Estos personajes orgullosos de su tierra, de sus pueblos nativos, que se esmeran por no dejar perder sus saberes ancestrales, que tienen claro que el asunto es de educación, de compartir hábitos de vida saludables, me trasladan a mi contexto. Me confrontan con la realidad de mi país, de mi Colombia. En las charlas con ellos, una y otra vez venía a mi mente el desgreño de nuestros políticos de turno con el programa de alimentación escolar, PAE. ¿Cómo se puede ser tan infame con la comida de los pequeños? ¿Por qué no empoderar a las comunidades y que esos recursos del Estado sean manejados por ellas mismas, generando de paso oportunidades para el desarrollo de las regiones y para el estímulo de sus emprendimientos? ¿Por qué los rectores no abandonan los refrigeradores y las vitrinas, en la modalidad de concesión o “préstamo” de conocidas marcas –de dudosa calidad nutricional- y le apuestan a cafeterías que oferten productos que garanticen vida sana a sus estudiantes?

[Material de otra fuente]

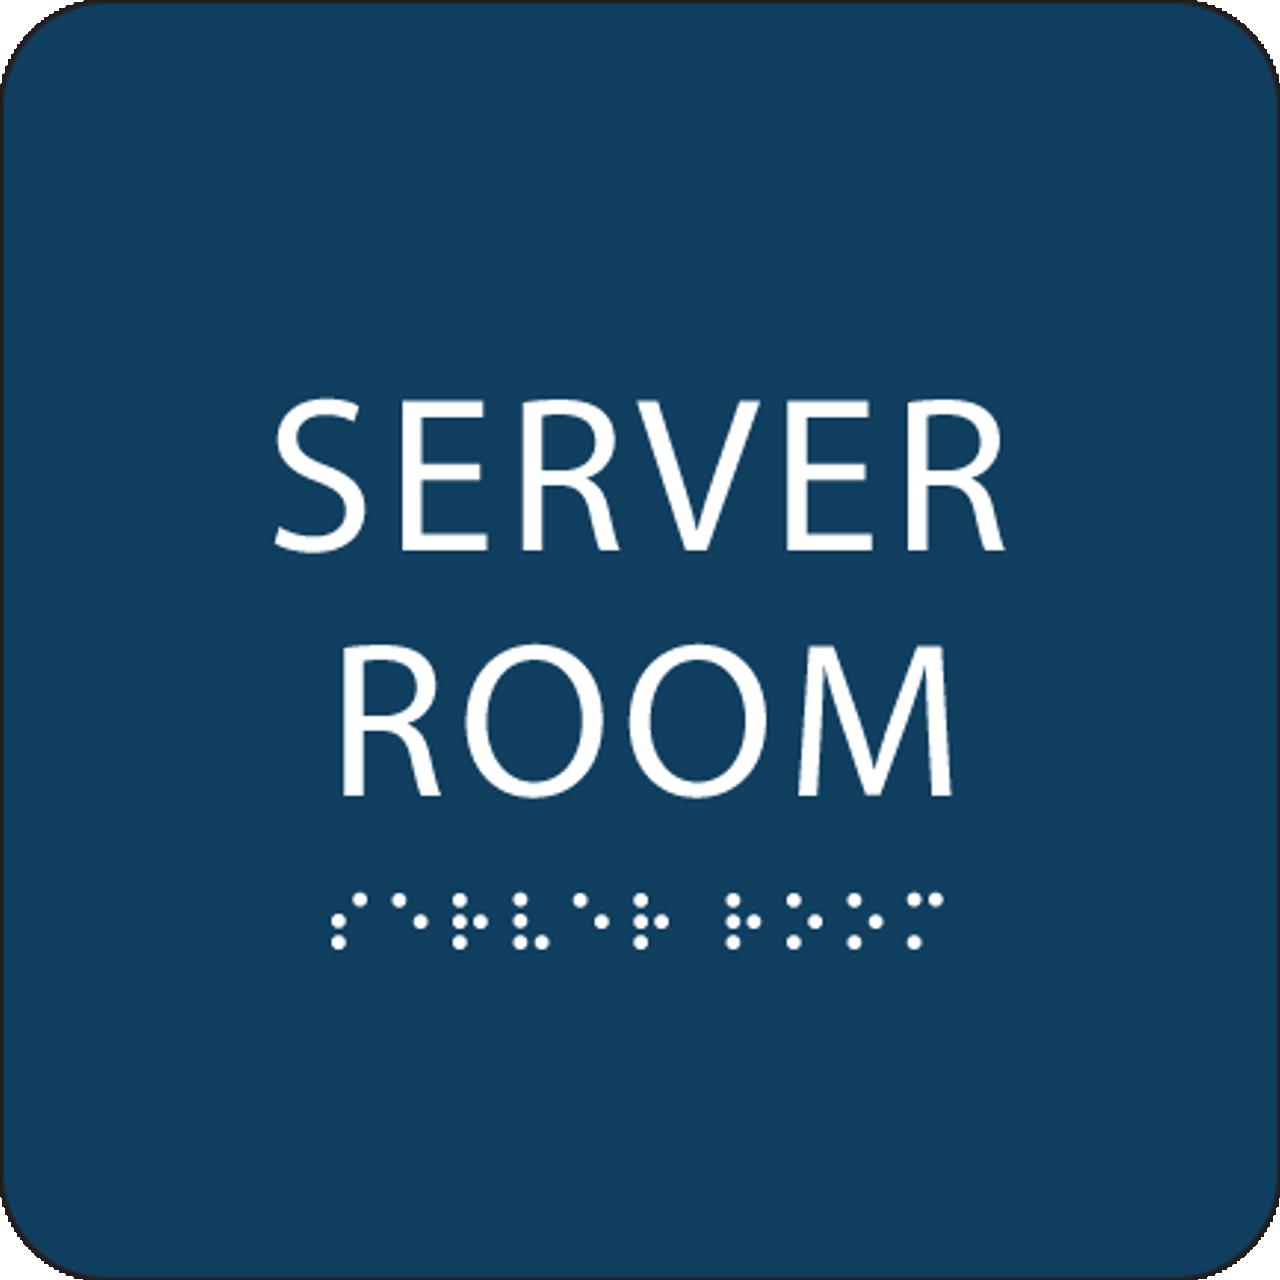 Blue  Server Room Braille Sign

El camino de la seguridad alimentaria es el primer paso para romper la inequidad social, asegurando, en primer lugar, el acceso a la educación en igualdad de condiciones a todos nuestros niños: “El ‘Índice de desnutrición crónica 2020’ señala que niños mal alimentados desarrollan en su vida adulta 14 puntos menos de coeficiente intelectual, cinco años menos de escolaridad y 54% menos de ingresos”.
Ante nuestra irracionalidad frente al planeta, Eduardo Galeano se conmueve:
“Las estrellas tiemblan de estupor y de miedo. Ellas no consiguen entender cómo sigue dando vueltas, todavía vivo, este mundo nuestro, tan fervorosamente dedicado a su propia aniquilación. Y se estremecen de susto, porque han visto que ya este mundo anda invadiendo otros astros del cielo”.
La tierra solo pide que la cuidemos y podremos seguir disfrutando de sus dones. Por eso seguiré celebrando cada mañana con mis estudiantes, con sus familias y mis maestros esta tierra generosa, estos hilos dorados del astro padre que la revitalizan, que acarician las aguas cristalinas, llenan de luz el penacho del maíz, del trigo, de la caña; y convierten en alimento sus ollucos, sus yucas, sus rábanos y sus papas; unos hilos cálidos que hacen brotar la sal de las aguas marinas que buscan descanso; unos hilos de vida que los árboles agradecen elevando sus brazos imponentes.